La chronophotographie pour une revue détaillée du Corps Propulseur – Sylvain Zuchiatti

La chronophotographie pour une revue détaillée du Corps Propulseur

Toujours plus précis, toujours plus juste, toujours plus efficace.

Le nageur doit sans cesse faire évoluer ses actions pour élever son niveau de fonctionnement et devenir toujours meilleur nageur. Qu’en est-il de l'entraîneur ?

Pour devenir toujours plus efficace, l'entraîneur doit être toujours plus juste dans la direction qu’il fait rechercher à ses nageurs. Pour être toujours plus juste, il doit être toujours plus précis dans ces observations. 

Être au bord du bassin n’est pas toujours suffisant pour observer les actions rapides sous la surface. Les images subaquatiques deviennent un outil nécessaire pour l'entraîneur. Encore faut-il les faire parler.

Depuis des années, cette recherche de l’évaluation du Corps Propulseur m’interroge. Je ne suis jamais complètement satisfait des résultats obtenus. J’ai déjà publié quelques articles à ce sujet mais je continue de pousser l’analyse plus loin (Evaluation du corps propulseur, Corps Propulseur : comment élever le niveau de fonctionnement du nageur)

Pour être plus précis, une analyse image par image, à l’aide d’une chronophotographie est la méthode la plus précise et facile d’accès dont l'entraîneur dispose.

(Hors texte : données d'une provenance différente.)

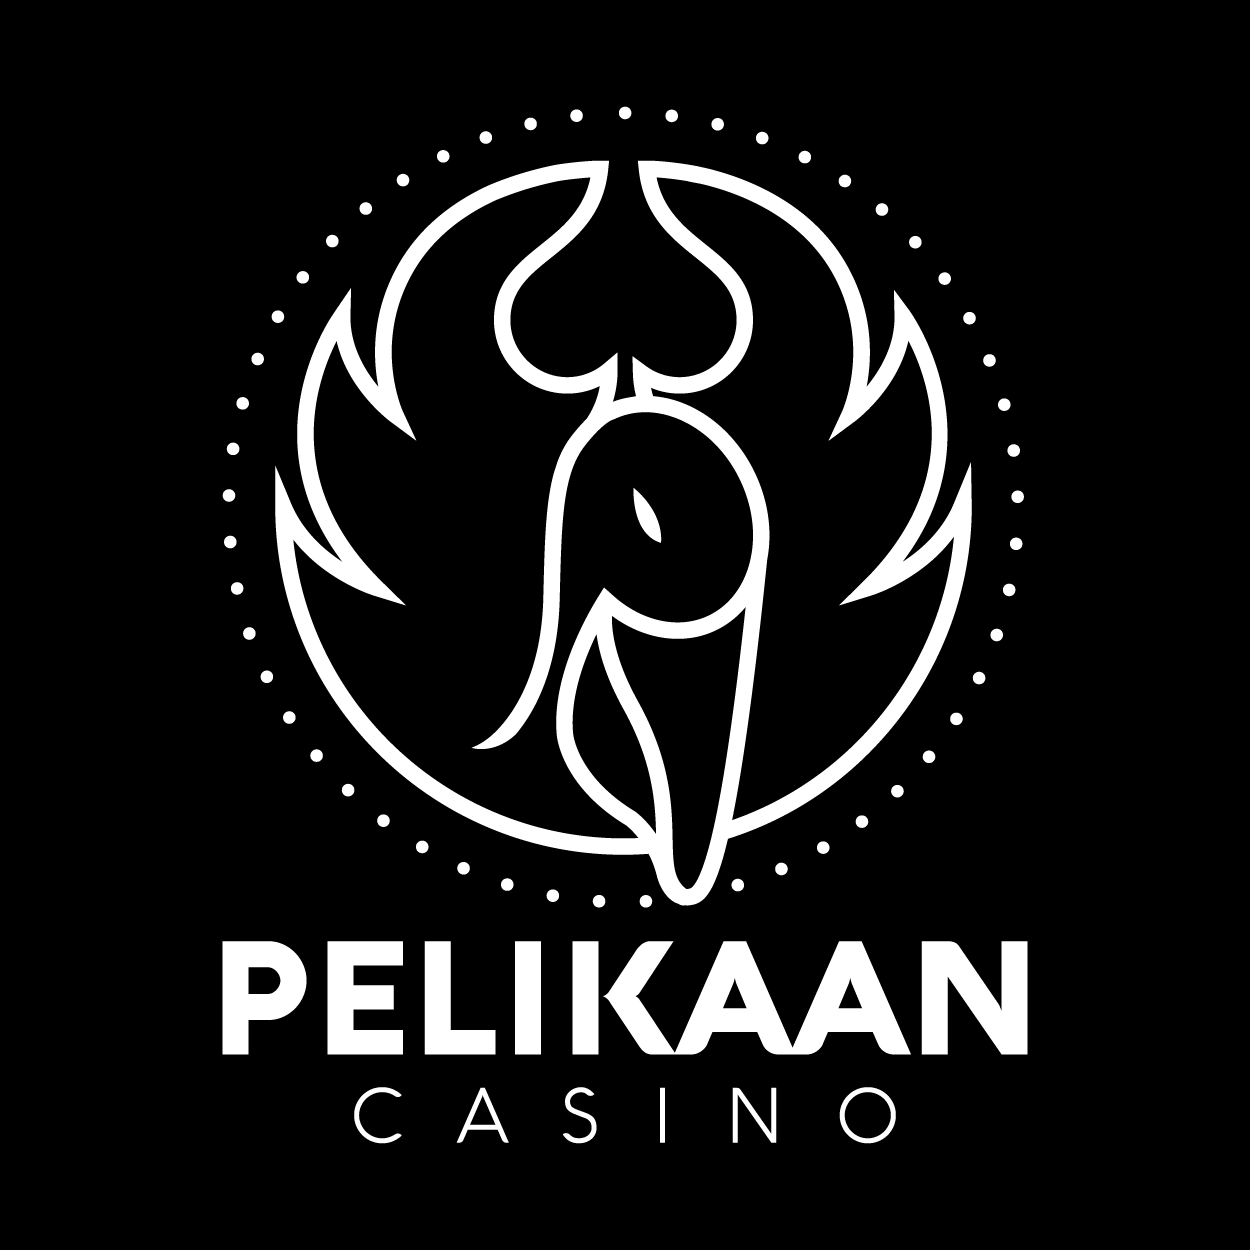 Pelikaan Casino logo

Dans ce document, nous verrons ensemble quelles informations nous pouvons obtenir concernant l’organisation motrice du nageur et quelles sont les conséquences sur l’enseignement à venir pour celui-ci.

Comment obtenir les données ?

Les données que j’utilise proviennent des images subaquatiques d’un nageur vu de profil et dans un référentiel exocentré. A partir de ces images, je réalise une chronophotographie des articulations clés du nageur. Les positions obtenues permettent ensuite de calculer des vitesses, des accélérations, des angles etc… Voyons ce que l’on peut tirer de ces données.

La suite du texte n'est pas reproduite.